Stepping Up To The Ball
Psalm 20: 7 (NRSVA)
7 Some take pride in chariots, and some in horses,
but our pride is in the name of the Lord our God.
One of the mantras we keep hearing these days is ‘data not dates’. This is meant to reassure us that our political leaders are trusting in science to guide their decisions. The reality of course is more complicated and every political decision is a balancing act.
Often a person’s actions can tell you who or what they really trust in, or take pride in, and give you an idea what kind of leader they are.
Take footballer Marcus Rashford. First spotted at the age of 5, he clearly had star potential. This was honed and shaped through the Manchester United academy system. He has gone on to great success and acclaim, for which his drive and ambition are credited, as well as his natural talent.
But Rashford doesn’t just lead on the field. He has become equally famous for his campaigning on issues of homelessness and child poverty. Rashford’s willingness to use his position as a platform to, as he phrases it, ‘ask questions’, has not only directly fed over 1.3 million children, it has also brought about real structural change. He is just 23 years old.
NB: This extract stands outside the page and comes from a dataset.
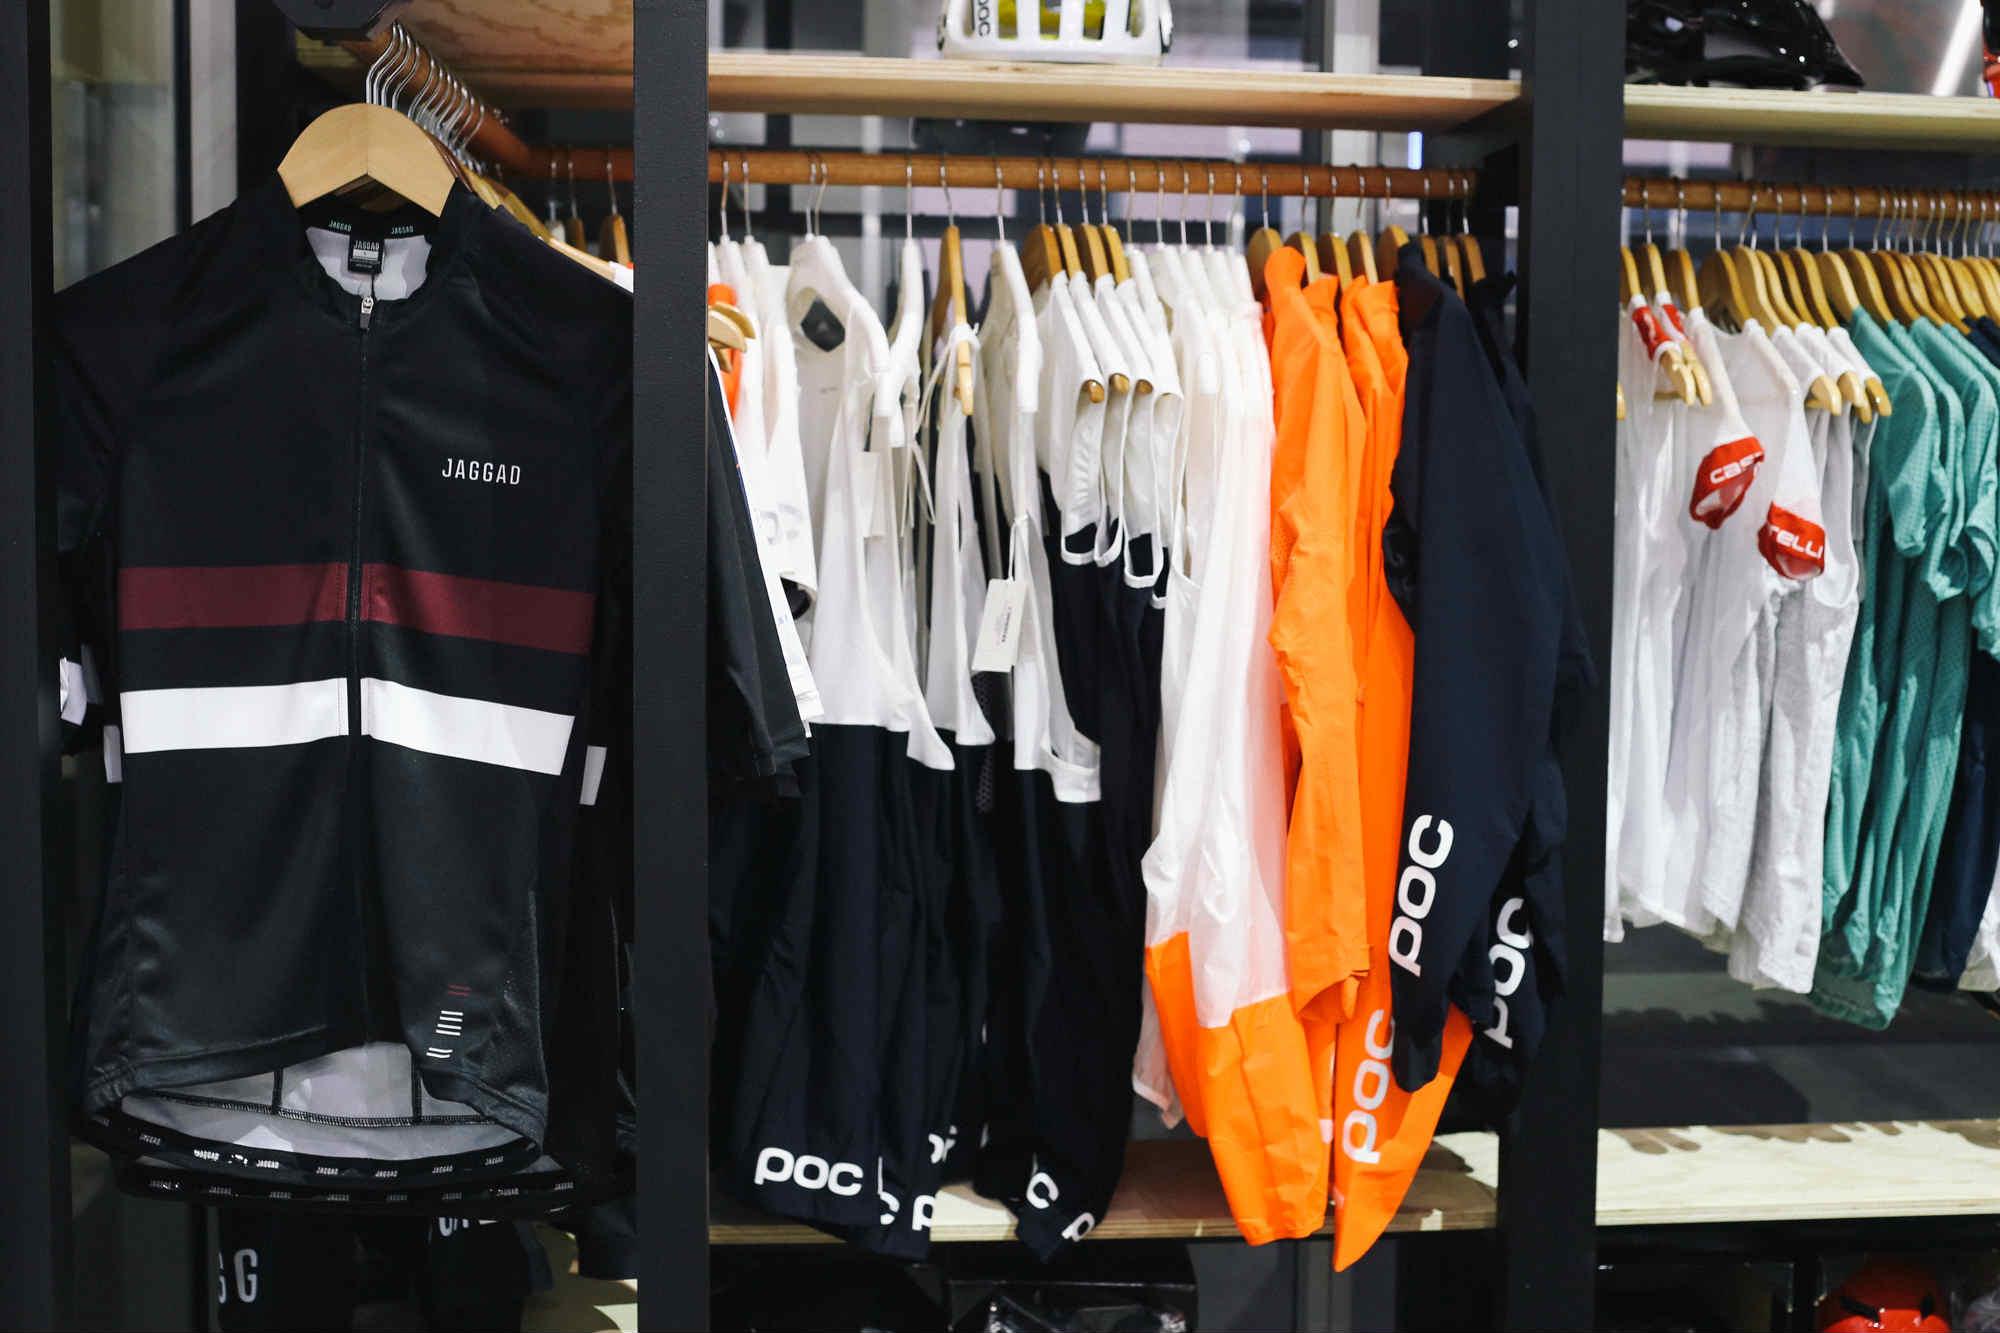 Aussie, Swedish, and Italian kit all on the same rack. Glorious.

Part of Rashford’s motivation comes from the experience of seeing his mother sometimes go without meals to feed her children. He also pays tribute to his grandmother in St Kitt’s. I can’t help but feel that these strong women have taught him to trust in family, in the power of community, and to believe that individual actions matter.
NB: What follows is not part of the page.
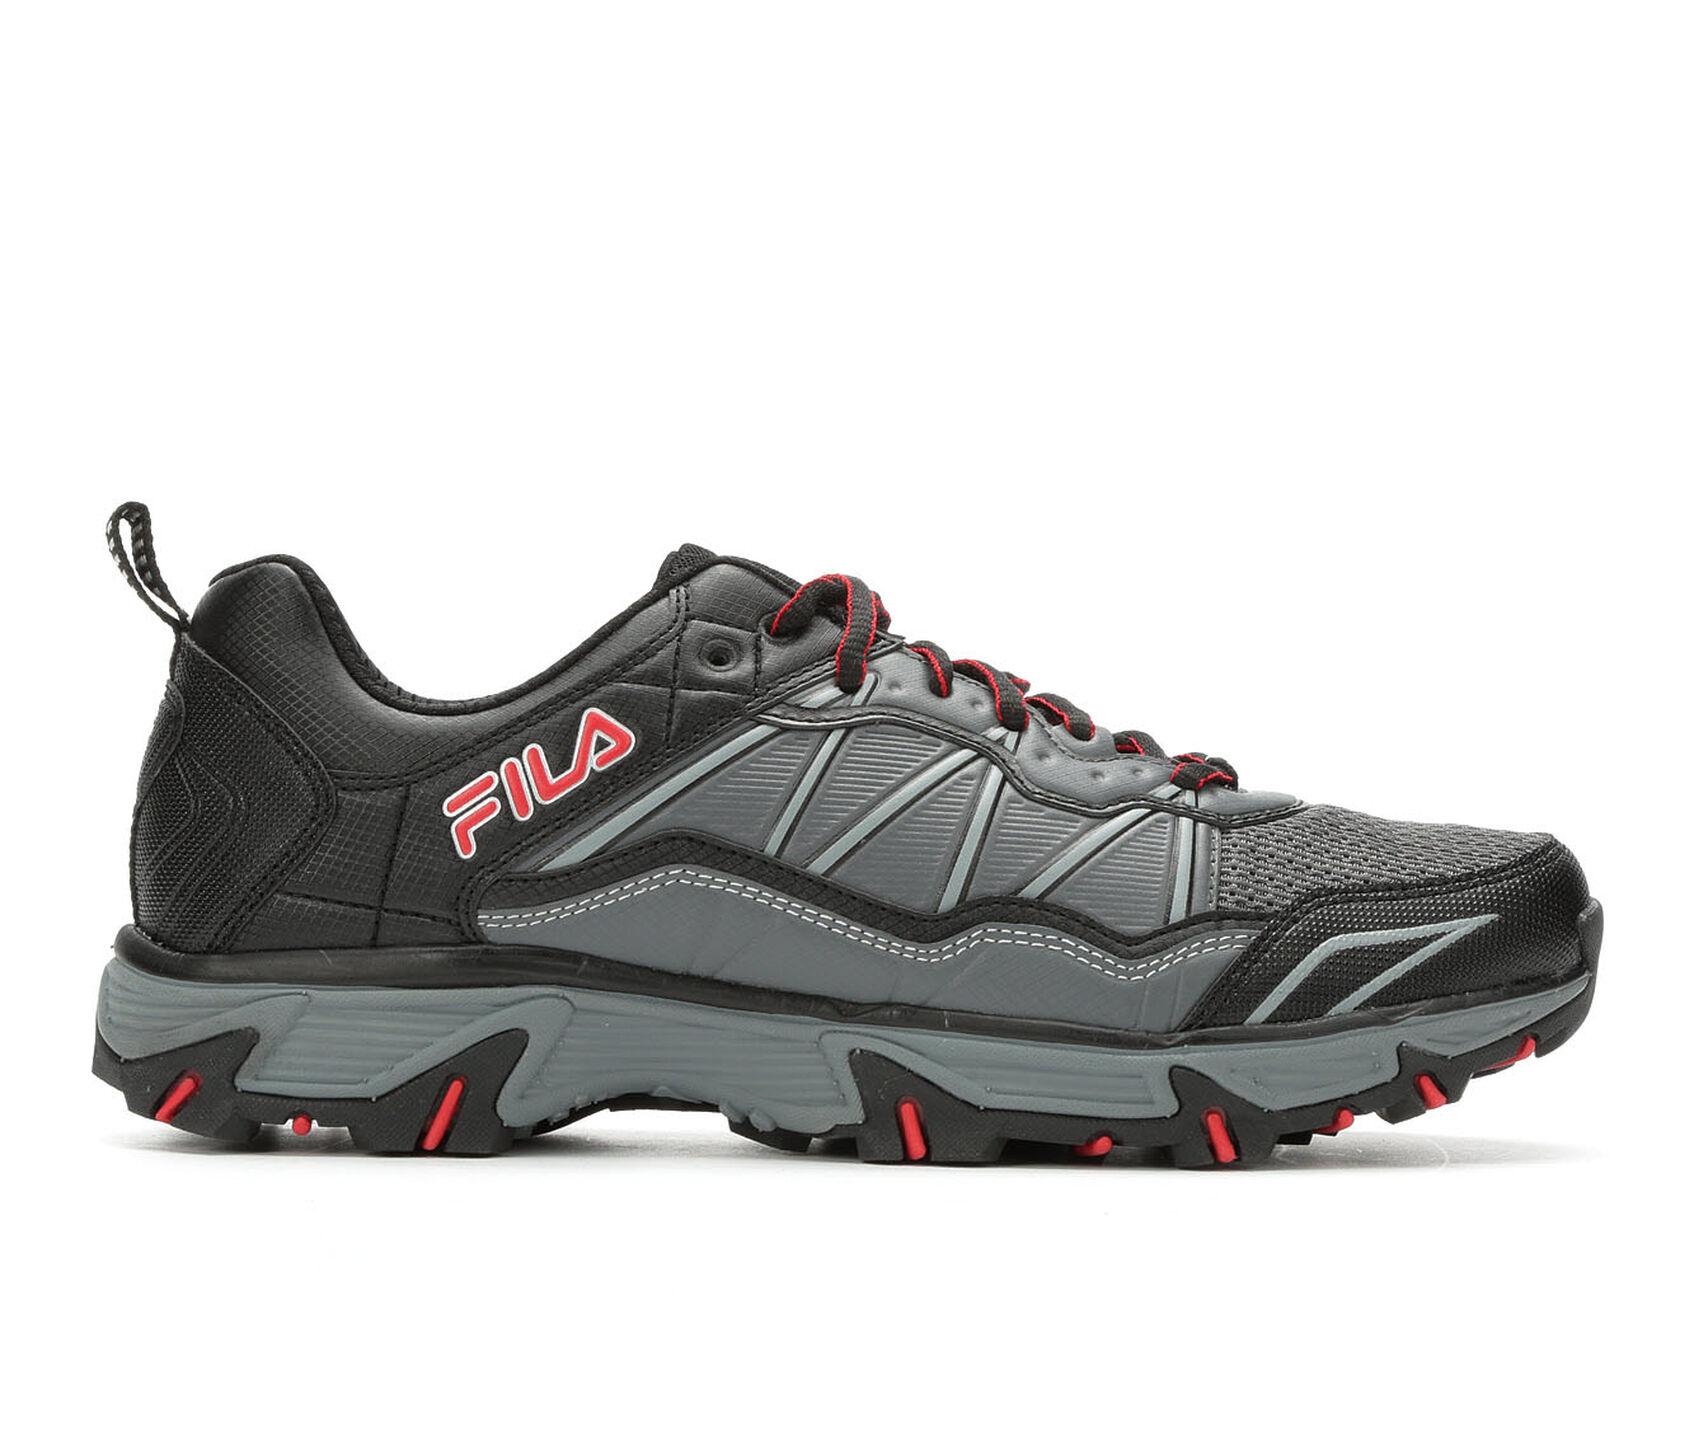 379d4507ee657c Images. Men  39 s Fila AT Peake 19 Trail Running Shoes

King David too, came from a family of strong women, including great-grandmother Ruth, who changed the attitudes of a whole community through her own courageous kindness and personal integrity. David, like Marcus, was ready to step up to the ball, believing he could make a difference.
God of plenty,
In a world where famine — of the body, of the heart, of the soul — continues to strike us
Help us to trust in your abundant love, and to use that trust to take action.
To refuse to accept hunger, anyone’s hunger, as simply ‘the way things are’
Send us leaders who will ask the right questions; who will put their names and their reputations on the front line for the sake of others.
Teach us to take pride in those whose strength lies not in their arms, or their legs, but in their hearts.